Da Erfahrungen in unserer Alltagswelt häufig mit Leid verbunden sind, gab und gibt es in den Religionen immer wieder Tendenzen zum Rückzug aus der Welt, zumindest eine Sehnsucht nach einem leidfreien Jenseits (Paradies, Nirwana und Ähnliches). Die Lebensform der Einsiedelei oder der Klöster hat diese Tendenzen verstärkt und sichtbar gemacht. Dem setzten die jeweiligen mystischen Strömungen immer wieder ihr Verständnis von der einen, ungeteilten Wirklichkeit entgegen. Wer nur eine Wirklichkeit kennt, kann und will nicht aus der Welt fliehen, selbst wenn er oder sie sich auf Zeit aus dem weltlichen Getriebe zurückzieht. Das kann für die innere Reifung nötig sein. Aber mystisch-spirituelle Lehrerinnen und Lehrer haben stets ihre Schüler und Schülerinnen auf die Welt, ja in den Alltag verwiesen als den entscheidenden Raum der Bewährung ihrer mystischen Erfahrung – und sei es beim Putzen. »Erleuchtung« wird meist nicht als Entrückung aus der Welt erlebt, sondern als Einweisung in die Welt, wie sie wirklich ist, als Erwachen für die Welt.

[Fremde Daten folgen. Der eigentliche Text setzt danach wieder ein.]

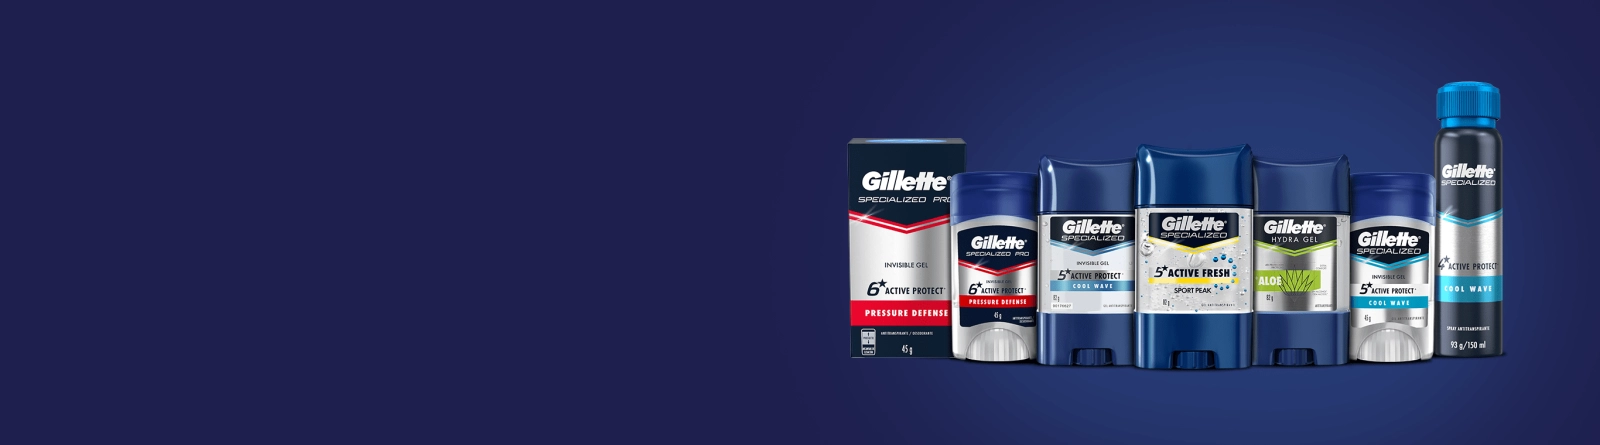 Complementa tu kit de productos de cuidado personal con Desodorantes y Antitranspirantes Gillette

Eine weitere Unterscheidung – die zwischen Ich und Selbst – ist so zentral für mystische Spiritualität, dass ich ihr ein eigenes Kapitel gewidmet habe. Dabei geht es darum, unsere alltägliche Ich-Wahrnehmung als Illusion zu erkennen. Wenn das Ich-Bewusstsein, das wir uns wie die Spitze einer Welle vorstellen können, sich öffnet oder geöffnet wird hin zum Ozean des Seins, dann fließt die Selbstwahrnehmung über in die Wahrnehmung des Ganzen, dann steht die mystisch verstandene Individualität, das Selbst, inmitten aller Welt. Dann ist das isolierte Ich, das Ego, überwunden beziehungsweise transzendiert.

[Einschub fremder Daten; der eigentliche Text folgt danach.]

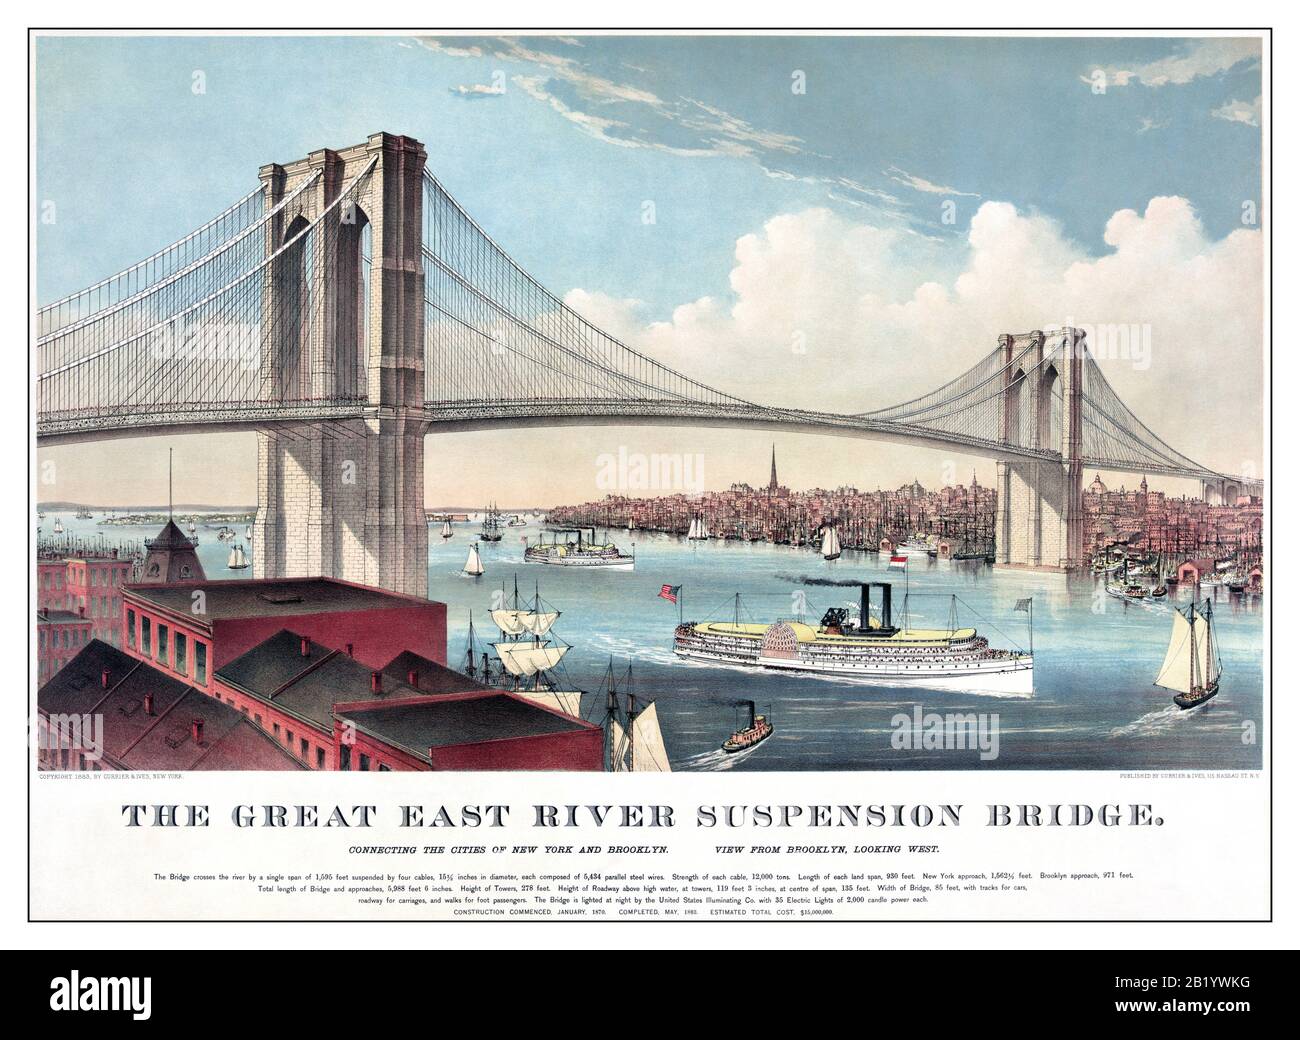 Il Chromolithograph del Ponte di Brooklyn dell'epoca del 1800 nella città di New York, New York, Stati Uniti, di Currier e Ives. Il ponte sospeso Great East River. Collegamento tra le città di New York e Brooklyn. Vista da Brooklyn, guardando verso ovest. Barca Con Pedalò A Vapore Foto Stock

Allerdings macht es uns die heutige Situation der Welt nicht gerade leicht, sich für sie zu öffnen, in sie gleichsam einzutauchen. Im Gegenteil! Nicht nur spirituelle Menschen, sondern auch sensible Realisten sind versucht, sich aus dieser als sehr stürmisch erlebten Welt herauszuhalten. Manche entziehen sich ihr aus einem Gefühl der Ohnmacht ins Private oder gar in die Innerlichkeit – oder sie verfallen in Verzweiflung und Resignation.